Meet Amie Schofield who raises an intersex child - Victory

Through Victory the family intents to change the way the world perceives intersex people.

Update: 2019-06-10 05:27 GMT
Intersex people are not to be confused with transgender. (Photo: AFP)

Ogden: When doctors said her youngest child would be a girl, Amie Schofield chose the name Victoria. Then they said the child would be a boy, so she switched to Victor.

It turned out neither was exactly right. The blue-eyed baby was intersex, with both male and female traits. And so she and her husband decided to call the infant Victory. The name is a hope for triumph over the secrecy and shame, the pain and discrimination suffered by intersex people.

Amie Schofield knows those sufferings better than most: This was not her first intersex child. Some two decades earlier, she gave birth to another child whose body did not align with common expectations of boys or girls.

Schofield agreed to have that child undergo surgery that tipped the scales of gender to masculine. But the operation did not settle the issue of gender in the child’s mind or protect them from a savage beating decades later.

Now, with Victory, Schofield has been given an opportunity to try again. Her parents want Victory to be accepted for who she is; instead of changing Victory, they are intent on changing the world so it is more accepting of intersex people.

“What I hope is what every parent hopes for their kid,” Schofield said. “We don’t want her to look at herself and think there’s something wrong just because she’s different.”

Amie first married when she was young and had her first child more than 20 years ago. Instead of having one X chromosome and one Y chromosome, as men have, or two X chromosomes, as is typically female, the child had two Xs and a Y.

Intersex people are not to be confused with transgender. Intersex is an umbrella term for a number of conditions where internal or external sex characteristics aren’t exactly like typical male or female bodies. They are a larger group than is commonly acknowledged; estimates range from about 3 in every 200 births to 1 in 2,000.

“I’m convinced every single person on this planet has met someone who’s intersex,” said Georgiann Davis, a sociologist at the University of Nevada-Las Vegas who is intersex and is the board president of interACT: Advocates for Intersex Youth.

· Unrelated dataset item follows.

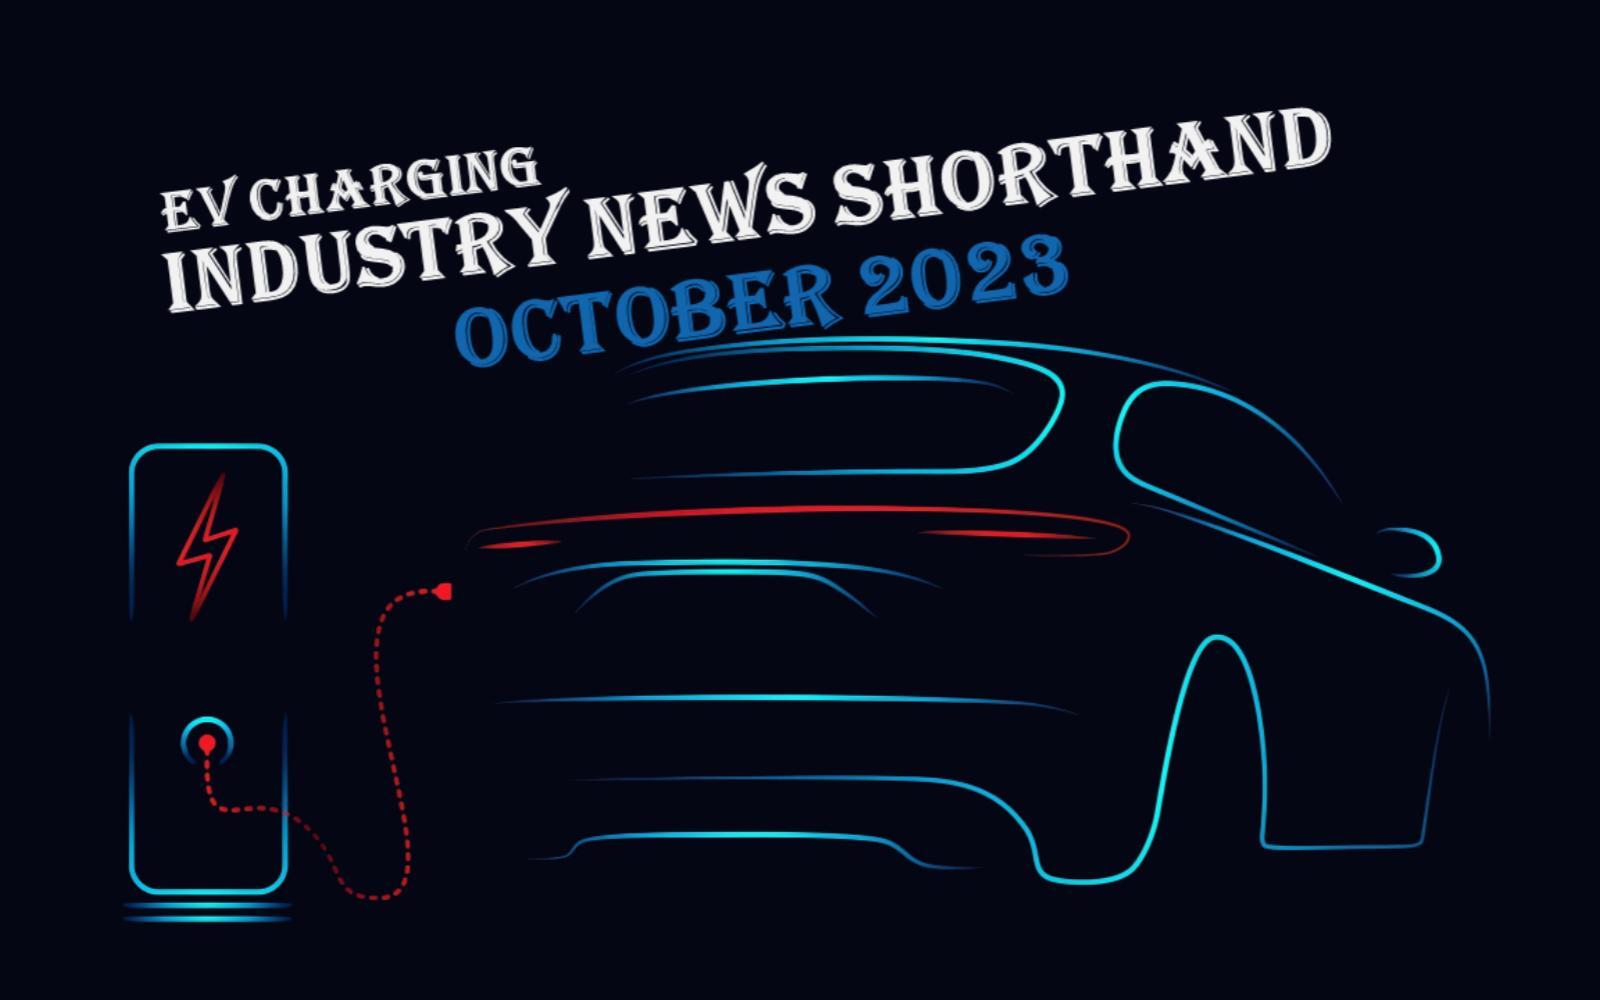 October 2023 EV charging industry news summary

Some intersex conditions are known to run in families, though that’s rare for XXY chromosomes, said Dr Adrian Dobs, director of the Klinefelter Center at Johns Hopkins University School of Medicine. Not everyone with the disorder is considered intersex.

Doctors have long performed surgery and administered hormones to intersex kids to make their bodies more like typical boys or girls, but there’s a growing pushback. Five states have considered banning surgery until they’re old enough to consent, citing serious potential side effects, but most bills have stalled amid pushback from doctors’ groups who say the proposals go too far.

Amie took doctors’ advice and raised her first baby as a boy, agreeing to surgery to bring down undescended testicles. But the onset of puberty brought hips and breasts, something that didn’t go unnoticed by other teenagers in the small Idaho town where mother and child lived at the time.

“It’s not something I really thought about until they started making fun of me,” said Amie’s eldest, speaking on condition of anonymity because of fear of violence.

The teenager developed a kind of armour: binders and sports bras, then layers of shirts for bulk, followed by a jacket that never came off, all in a goth style to create a distraction. There were beatings, and the teen developed a strategy: Keep a straight face. Don’t scream. Don’t say anything. The startled bully might just back off.

Amie Schofield allowed her child to experiment with nail polish and dresses at home, but in the years after the fatal beating of gay man Matthew Shepard in nearby Wyoming, she was terrified to go public. She aches when she thinks about those years.

“I wish that we could have been open,” she said. “I wish I had understood more so that maybe I could have made it easier.” The move to Utah put the teenager in touch with other LGBTQ people, and for the first time exploring femininity publicly seemed possible. Instead of a beating, wearing a dress might earn supportive shouts like “keep doing you!”

That all changed one night in 2014. As they (the pronoun preferred by this person) walked to a Salt Lake City bar wearing a favourite tie-dye dress, a man shouted, “Where you going, mama? You’re looking pretty good in that dress!”

Never having been hit on before, they turned to say thank you. But the man’s face changed when he heard a deep voice that didn’t match that female body. He blew up, spewing gay slurs, and charged, weighted pipe in hand.

He landed a number of powerful blows. Blood sprayed everywhere before he fled, leaving the young person for dead. A large gash to the head was treated with staples at a hospital. Police investigated, but couldn’t catch the assailant, according to officials.